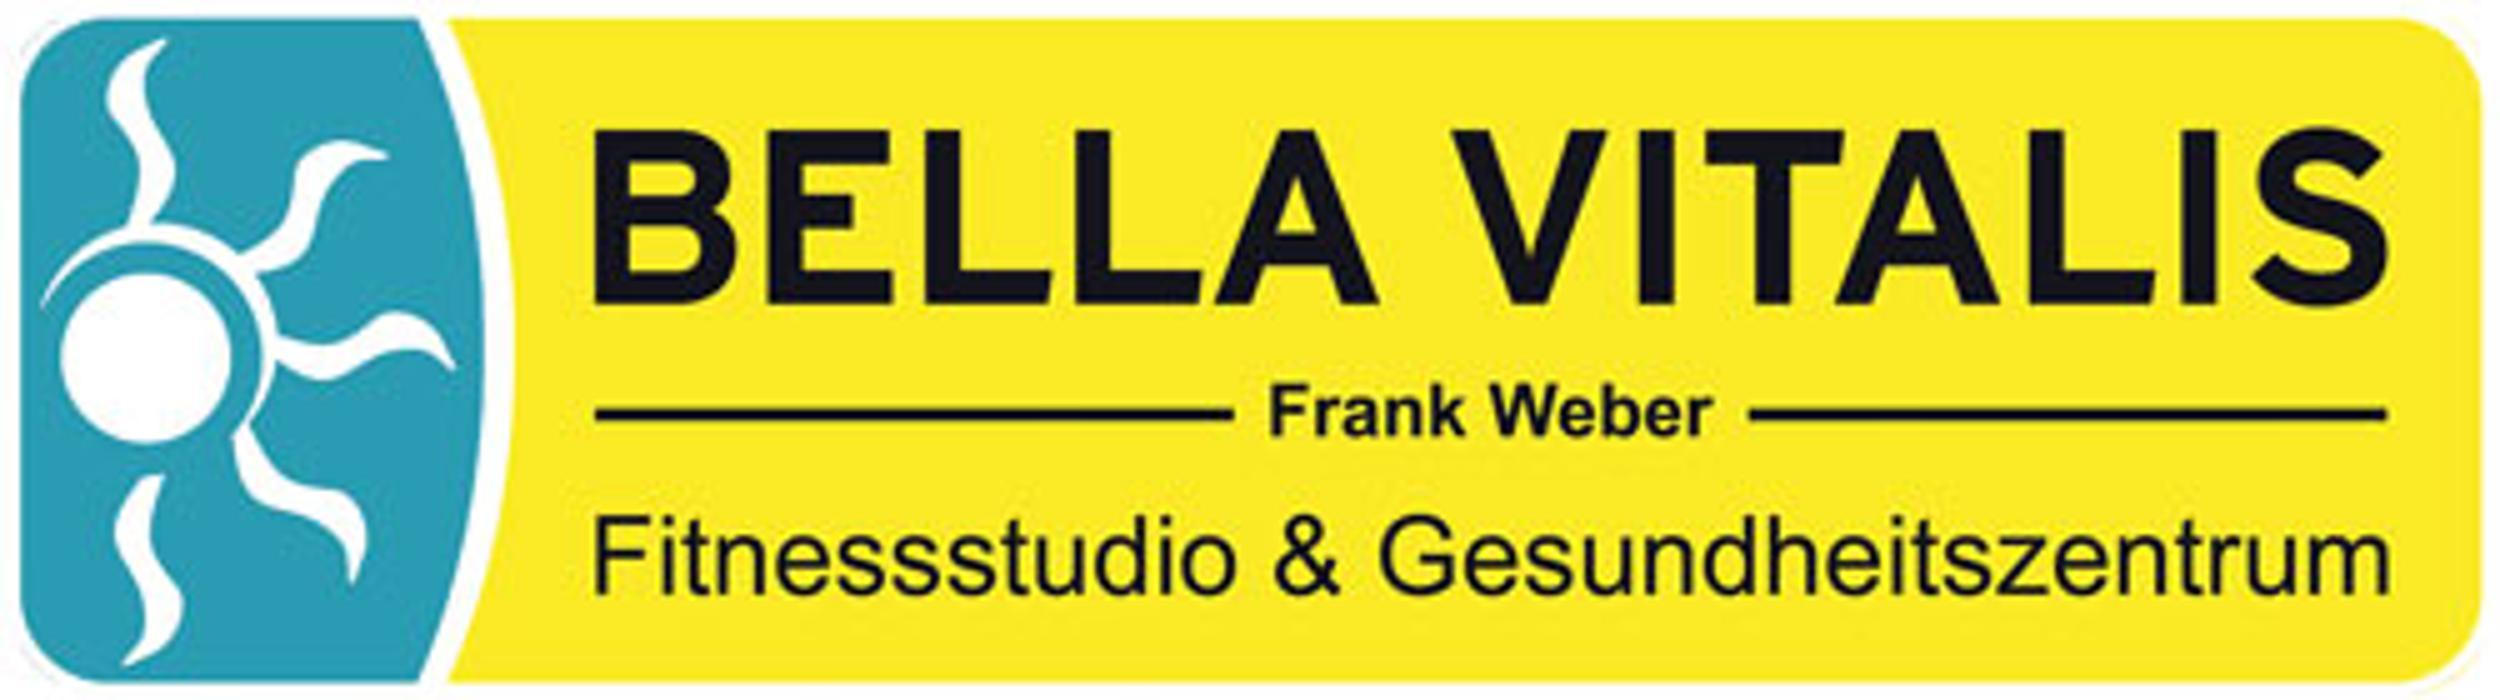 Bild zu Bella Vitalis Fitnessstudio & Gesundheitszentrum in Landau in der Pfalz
____
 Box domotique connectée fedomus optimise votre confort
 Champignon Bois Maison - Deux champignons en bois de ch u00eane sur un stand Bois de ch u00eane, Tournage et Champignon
____
**Try it:** In the listing above, find the line with "Box domotique connectée" and the line with "Champignon Bois Maison", then print exactly those two lines and every line between them, and nothing more.

**Exercise output:**
 Box domotique connectée fedomus optimise votre confort
 Champignon Bois Maison - Deux champignons en bois de ch u00eane sur un stand Bois de ch u00eane, Tournage et Champignon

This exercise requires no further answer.